1. Figure 1 and Figure 2 are absent.
2. It would benefit the readers if the authors incorporated a table that provides a concise overview of the neoantigens resulting from cancer-associated mutations, as well as a table summarizing the details of both clinical and preclinical studies.
3. A typo is present on line 338, "ththese".
Author Response
August 25, 2023
Dear reviewer,
Thank you for providing valuable comments for our manuscript entitled“Epidermal growth factor receptor-targeted neoantigen peptide vaccination for the treatment of non-small cell lung cancer”(Manuscript submission ID: vaccines-2557263). We have addressed the comments point by point below:
Reviewer #3
In this manuscript, the authors review the molecular functions of the epidermal growth factor receptor (EGFR), as well as the mutations observed in EGFR in non-small cell lung cancer and glioblastoma. Furthermore, the authors delve into the studies investigating immune responses elicited by neoantigens arising from EGFR mutations. The manuscript also describes both preclinical and clinical studies involving the utilization of neoantigen peptides for cancer vaccination. Overall, this manuscript should be beneficial to readers who are interested in studying neoantigen vaccination for cancer treatment. Comments and suggestions are provided below.

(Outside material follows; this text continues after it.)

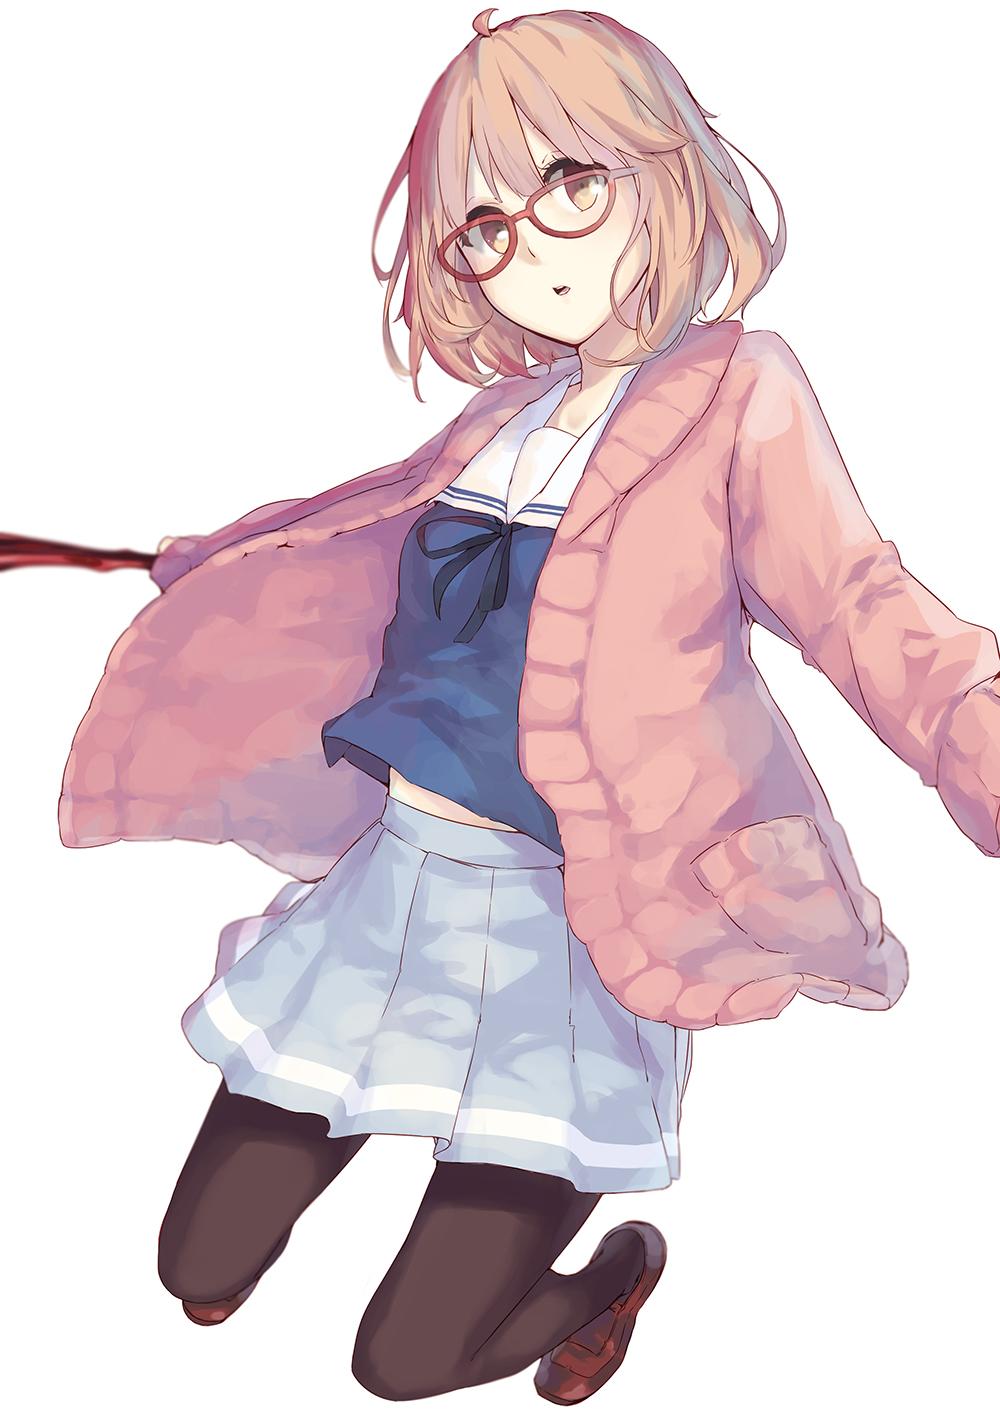 Hentai anime eng sub mahoushoujoisukaep3 - 5 3
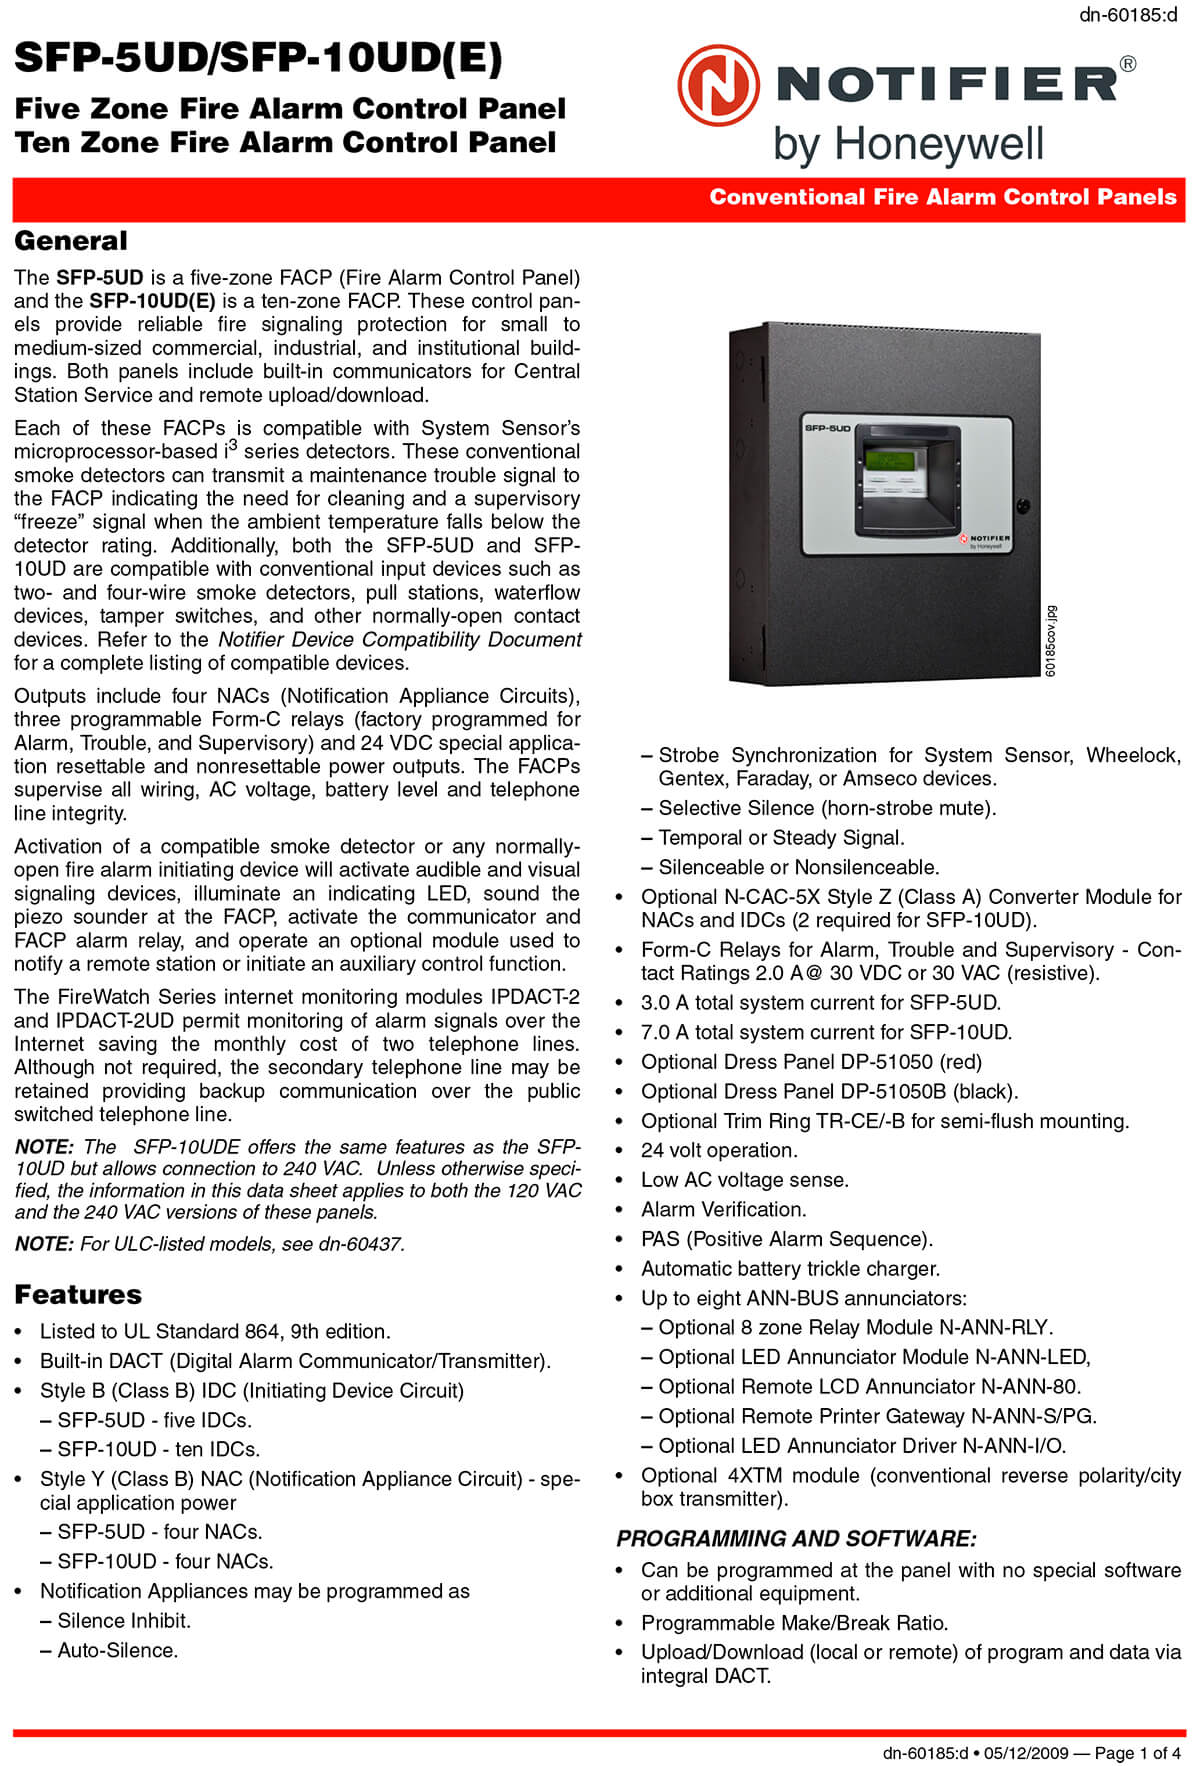 Ten Zone Fire Alarm Control Panel SFP-10UD (E)

- Figure 1 and Figure 2 are absent.
Response: We have now upload the figures again, please let us know if the reviewer can see them.
- It would benefit the readers if the authors incorporated a table that provides a concise overview of the neoantigens resulting from cancer-associated mutations, as well as a table summarizing the details of both clinical and preclinical studies.
Response: We thank the reviewer’s comments, to address the comment, a table that provided a concise list of the neoantigens resulting from cancer-associated EGFR mutations and their related pre-clinical and clinical studies have added to the end of the manuscript, named as Table 1.
- A typo is present on line 338, "ththese".
Response: The typo presents on line 338 was corrected.
Round 2
Reviewer 3 Report
This reviewer has no further questions.